Chronicle continues to fail us
I'll get back to the Hawaii field trip reports when I get a bit more time, I promise; but in the meantime:
Katherine Gregor at the Chronicle has published yet another in what must be about a half-dozen articles by now promoting TOD on the commuter rail line. As I noted in comments, it's now 2007 (3 years after the election; 1 year before service supposedly starts), and yet nobody at the Chronicle has ever bothered to analyze the service from the perspective of a prospective passenger.
As I noted in my previous crackplog You Can't Have TOD WIthout Good T, the experience around the country is very consistent: if you expect people to pay more (relatively) to live in higher density development outside downtown, you'd better be sure that their transit alternative is a very good one.

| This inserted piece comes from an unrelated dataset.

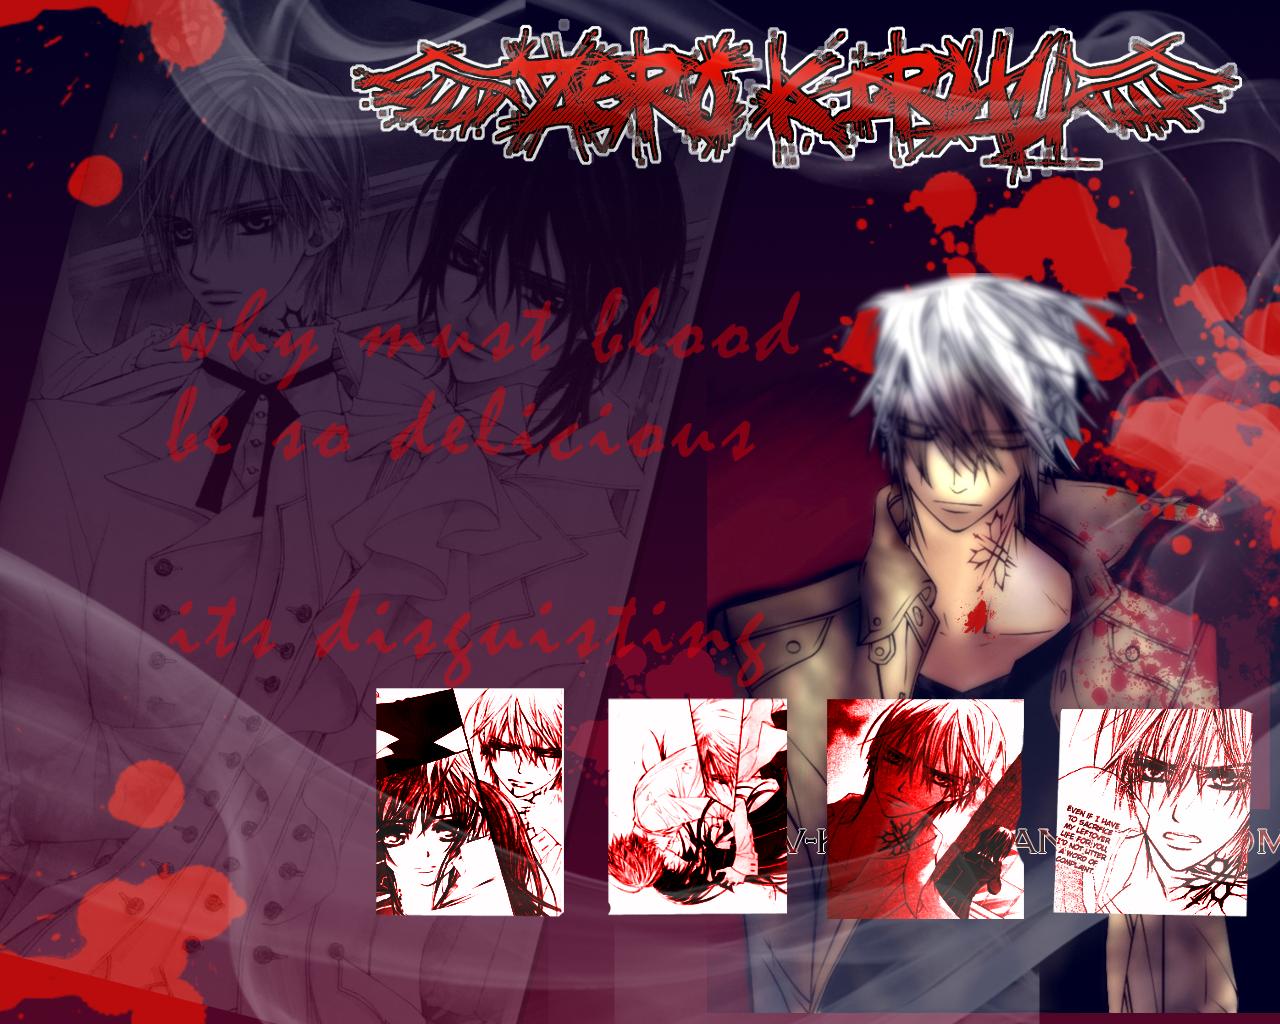 Zero Kiryu Wallpaper by iAnimelover12 on deviantART

So how about it? How have we done here? Well, each resident of these "TOD"s faces two shuttle bus rides (one each way, which will basically turn off all commuters who actually own cars), and an infrequently-running rail service (runs every half-hour during rush hours and only once in the middle of the day). Sound like good T to you? And as I've mentioned, well, about a billion times, it is impossible to morph this commuter rail line into something like 2000's light rail proposal to eliminate that shuttle bus ride to UT, the Capitol, and the part of downtown where people actually work in offices.

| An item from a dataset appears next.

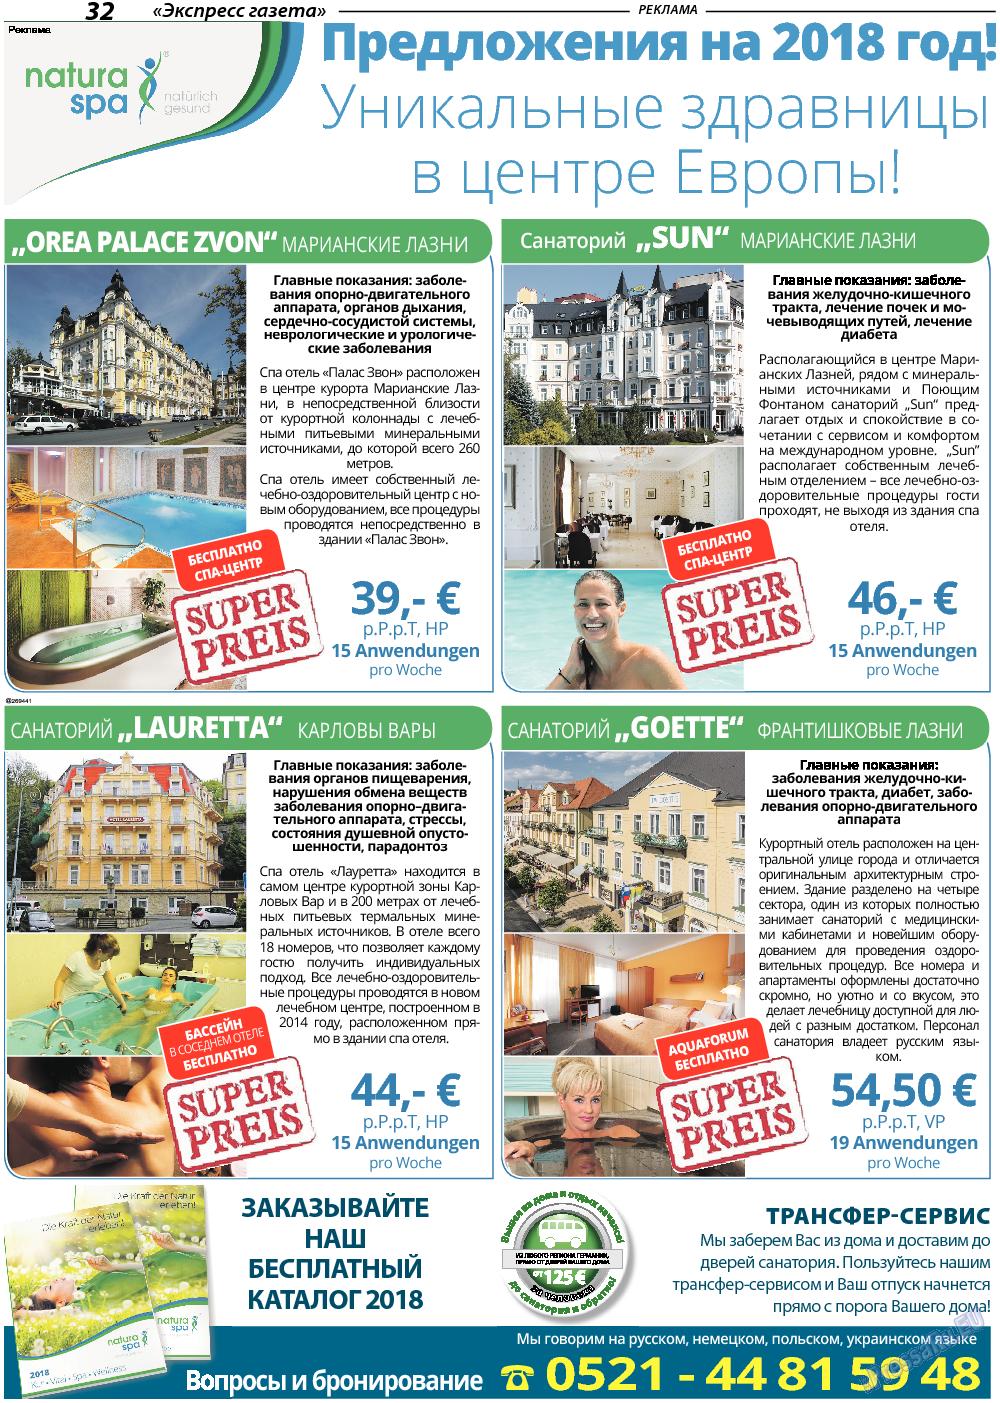 Экспресс газета (газета). 2018 год, номер 2, стр. 32

Anyways, this is the kind of analysis the Chronicle ought to be doing. But, instead, the recent pattern has been basically fleshing out press releases with some fluffy and modest prose which tries desperately to avoid coming to any conclusions at all - unless, of course, they happen to be conclusions supported by the ANC (or the so-called "granola mafia").
So what the hell is up at the Chronicle? I honestly didn't think I'd be pining for the days of Mike Clark-Madison, who I thought was irrationally pro-neighborhood at the time, but honestly, he's Woodward and/or Bernstein compared to the current crop. It's a sad day when you actually get better analysis of local politics from the Statesman, but that day is just about here.